Why did we switch sides? Vance explained to the Europeans last week that the real threat wasn't the huge army a thousand miles to the east committing mass atrocities while their leader suggests they won't stop there. No sir, it's the "enemy within", by which I reckon he means our post-Enlightenment history of political pluralism, individual liberty, and the rule of law. He wouldn't meet with the German Chancellor, choosing instead to spend his time with the leader of the fascist party there.
Because that's who we are now, fascists. No better than Russia; worse actually, because one senses the Russian leadership is fairly smart and worldly, with clearly defined goals they're accomplishing by playing the Salamander in Chief. Our leadership, such as it is, is simply shambolic, a kakistocracy of the very worst our country has to offer.
And my neighbors voted for this. The guys who flew with me in the war, all of whom took an oath to protect and defend the Constitution of the United States against all enemies, foreign, and domestic, voted for this. I blame all of them, don't want to share any space with them, never want to see or hear from any of them again. Traitors all.
Life is a process of losing one's illusions, until eventually you're alone in a small, urine scented room in a diaper with nothing left. I'd long since lost my religion over the last few years, but so much of who I thought I was anchored itself in a rather idealistic patriotism. My family fought the nation's wars, lived the American dream by emerging from Pennsylvania coal mines and Mississippi dirt farms to embark on great careers and raise our families. I was always so grateful for what this country held itself out to be, what I believed (rather than thought or observed) it to be.

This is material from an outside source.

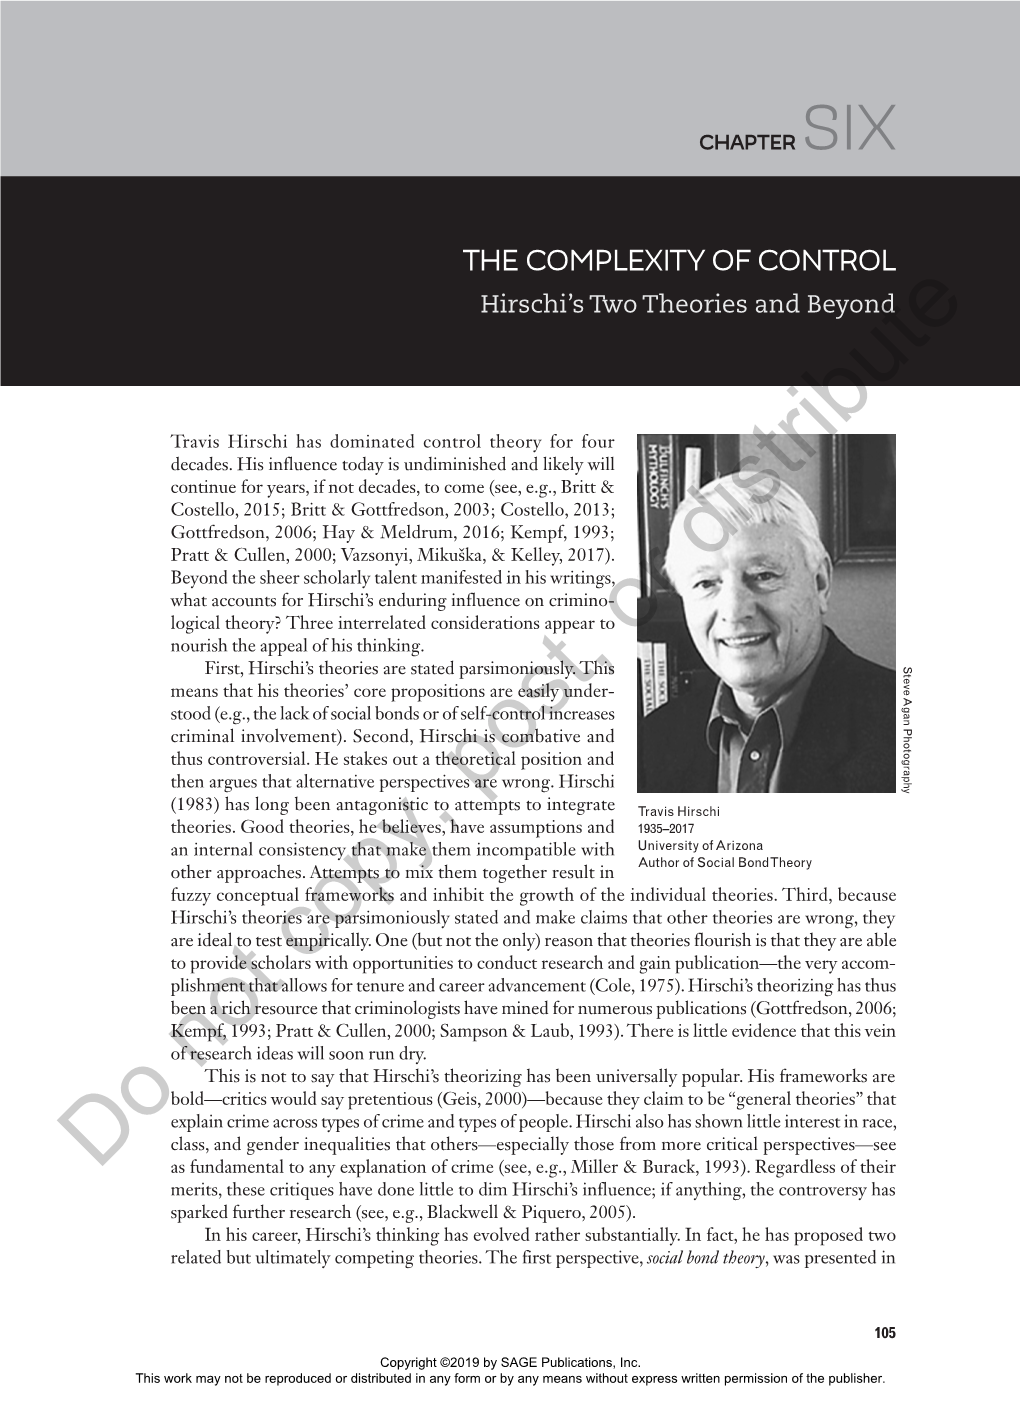 The Complexity of Control: Hirschi's Two Theories and Beyond

That's gone now, too. I told Peg as we were lying in bed this morning right after dawn that I didn't think I could make it through all this without her. We're what's left, we two. And now I feel a strange, sad nostalgia for the adventure that began five years ago with our quarantine at the farm during the outset of Covid, and our New York adventure together in the years that followed.
Most of those were the Biden years, as I think of it. I felt like a nightmare that came to a head on January 6th for this country had finally come to an end, and we could look toward the future with a cautious optimism. A real gift at this age.
“Back then I thought, 'Well, there'll be other days.' I didn't realize that that was the only day”. So said Moonlight Graham in Field of Dreams. It sort of sums up where we find ourselves now.
I'm going to stop writing for a while, maybe a month. Maybe longer. It's all become too mawkish and maudlin. Jesus said not to leave our lamp under a bushel, but maybe a funeral wreath for this country and this time is best not displayed for the world to see.